:: Data excerpt ::

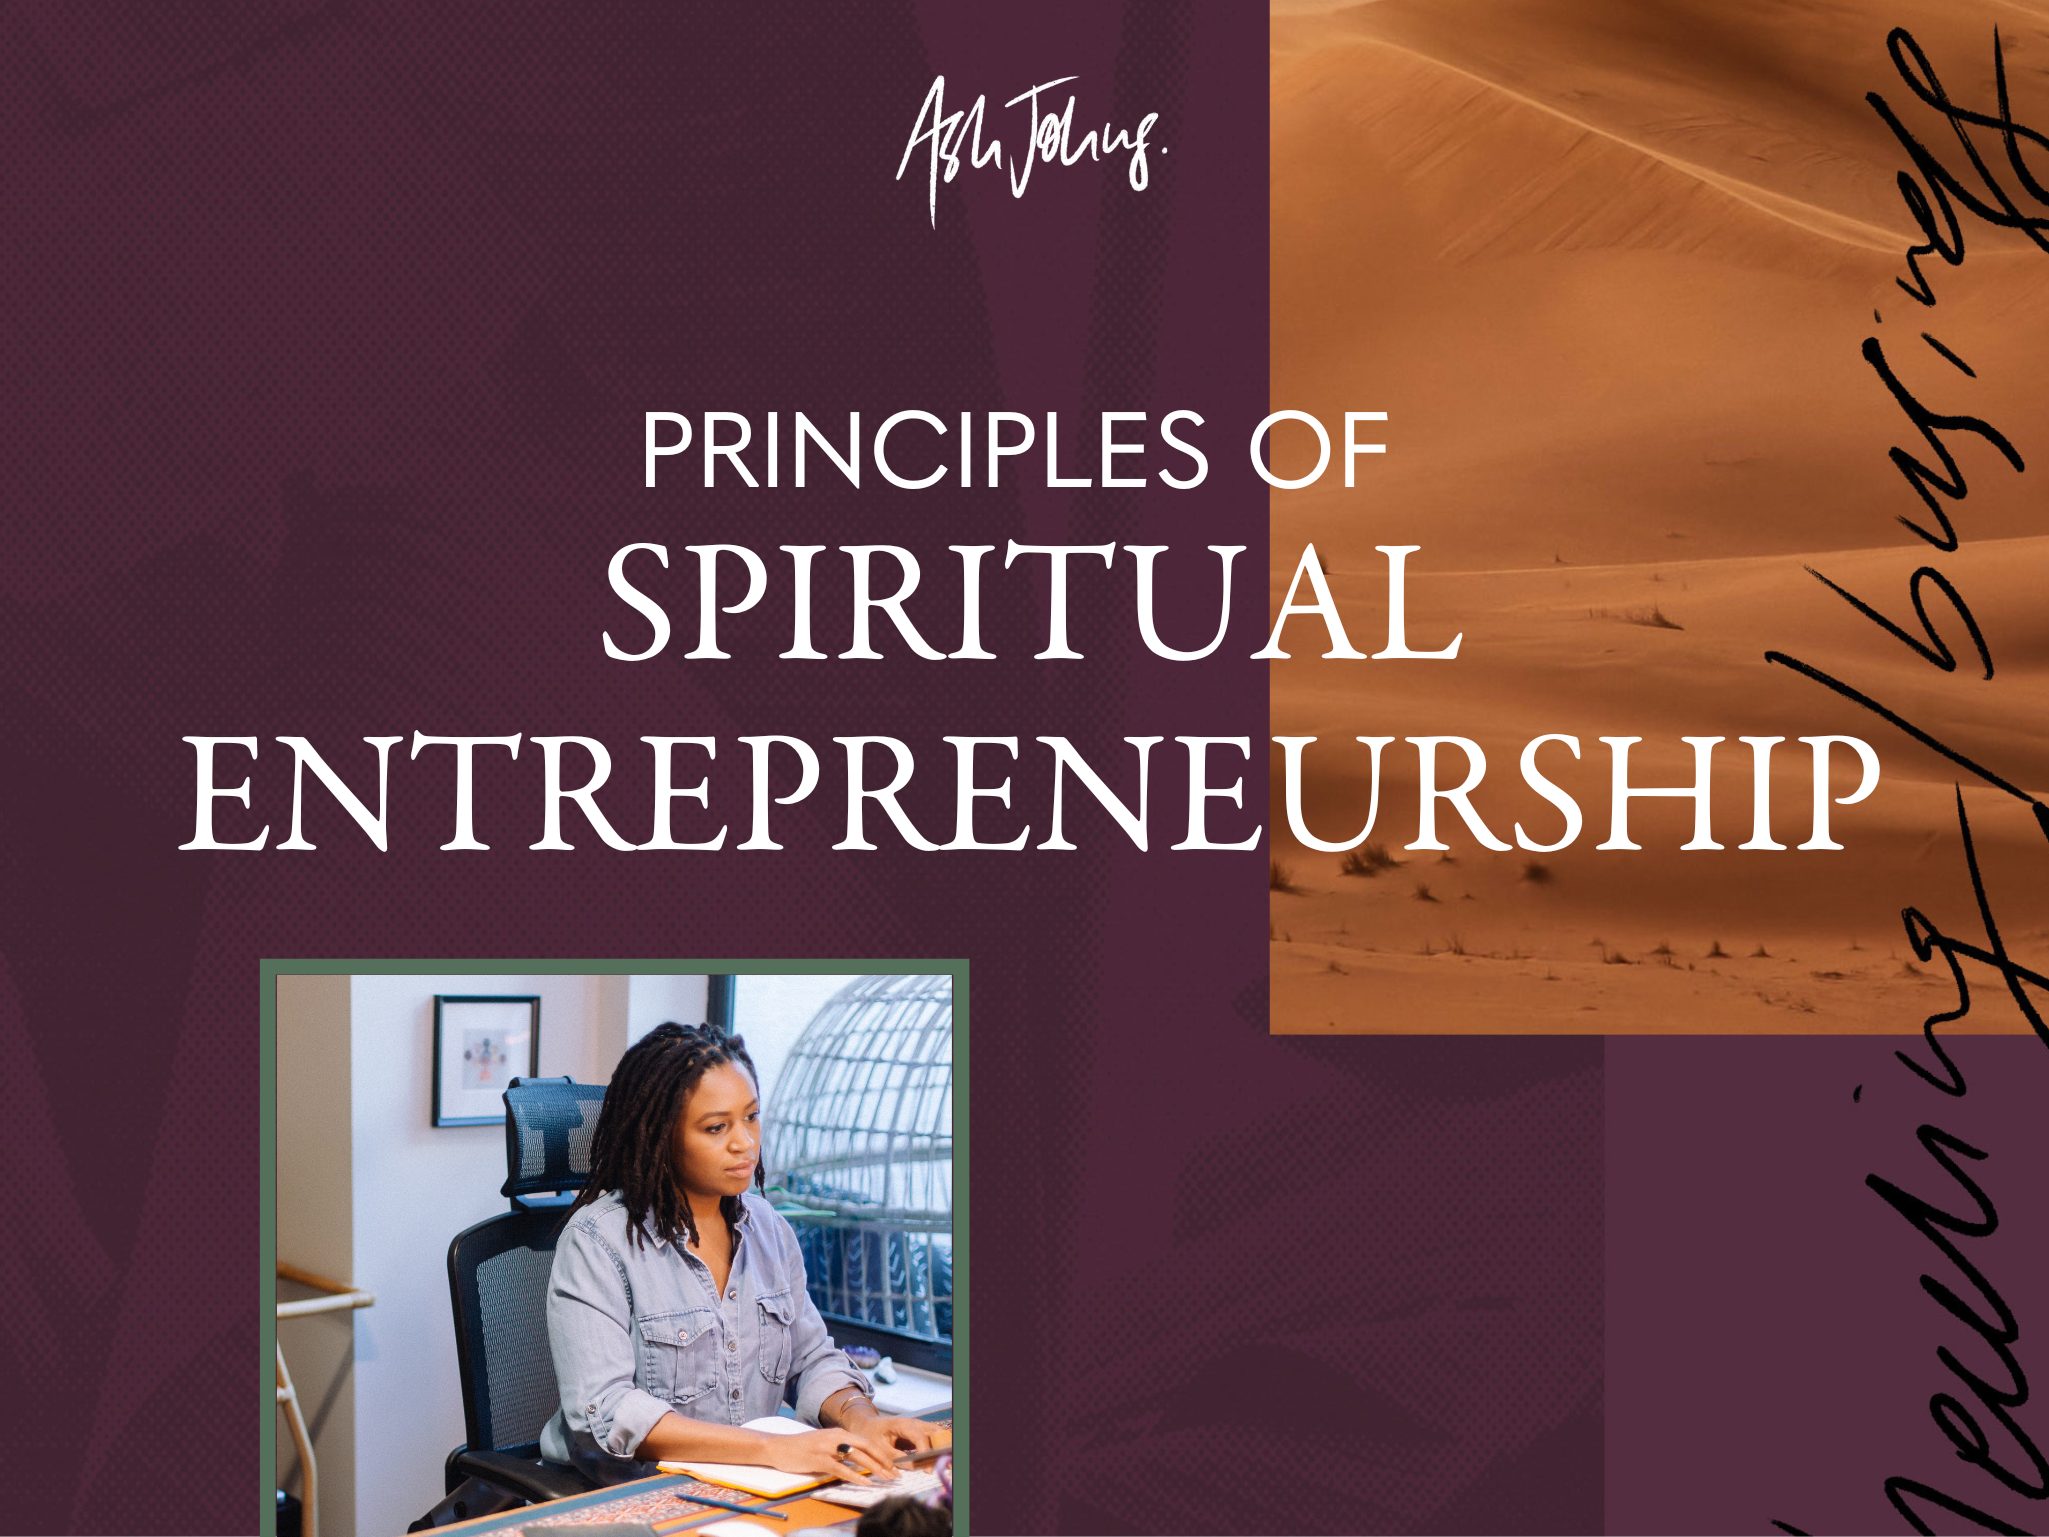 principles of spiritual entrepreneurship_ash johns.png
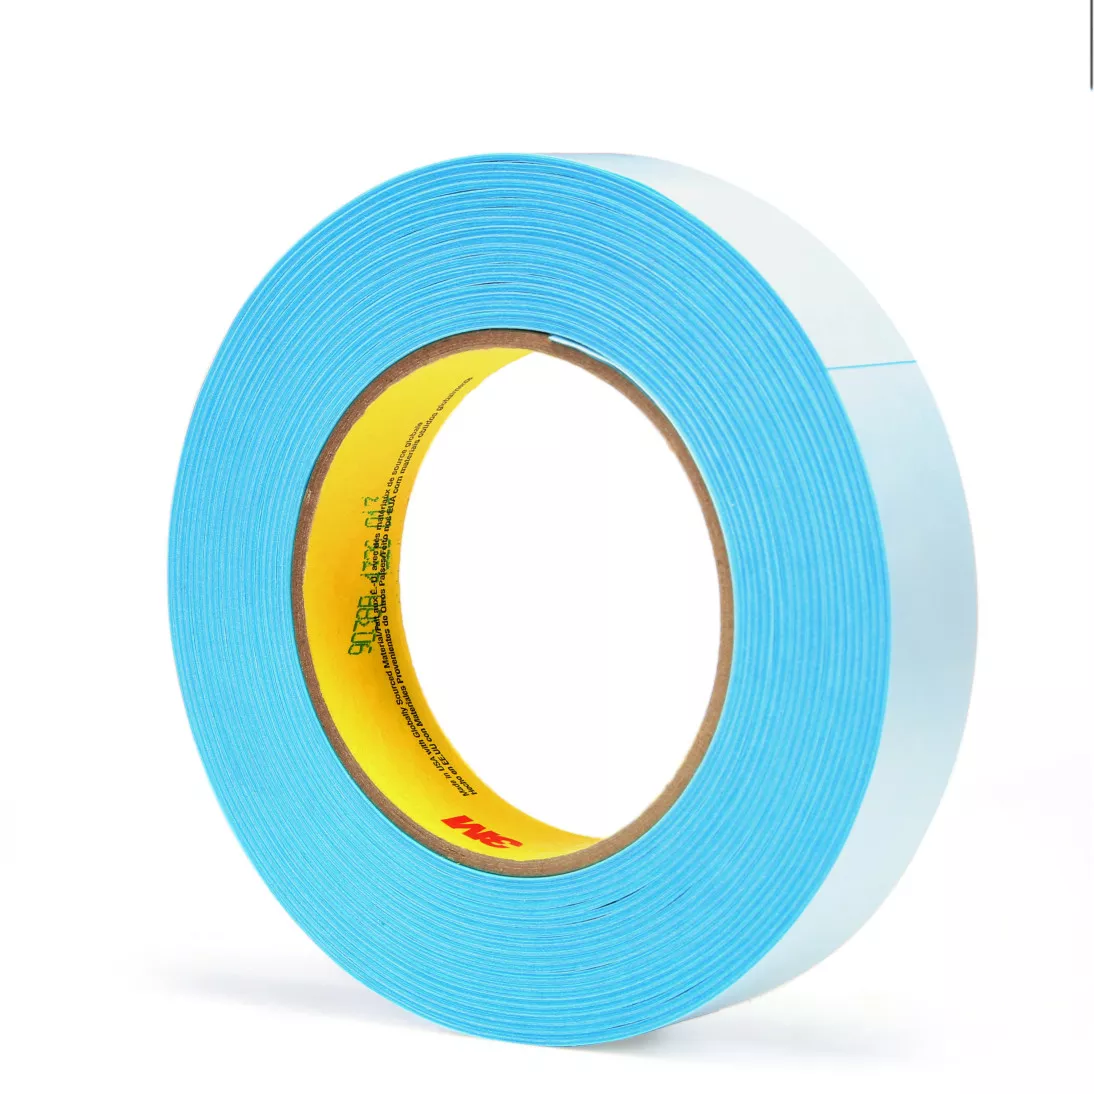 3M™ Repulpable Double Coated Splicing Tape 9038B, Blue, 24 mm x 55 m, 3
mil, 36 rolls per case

:::

▶ [Your goal]
If the data includes images, omit them, and set down everything else exactly as above.

▶ [Exercise response]
 principles of spiritual entrepreneurship_ash johns.png
 3M™ Repulpable Double Coated Splicing Tape 9038B, Blue, 24 mm x 55 m, 3
mil, 36 rolls per case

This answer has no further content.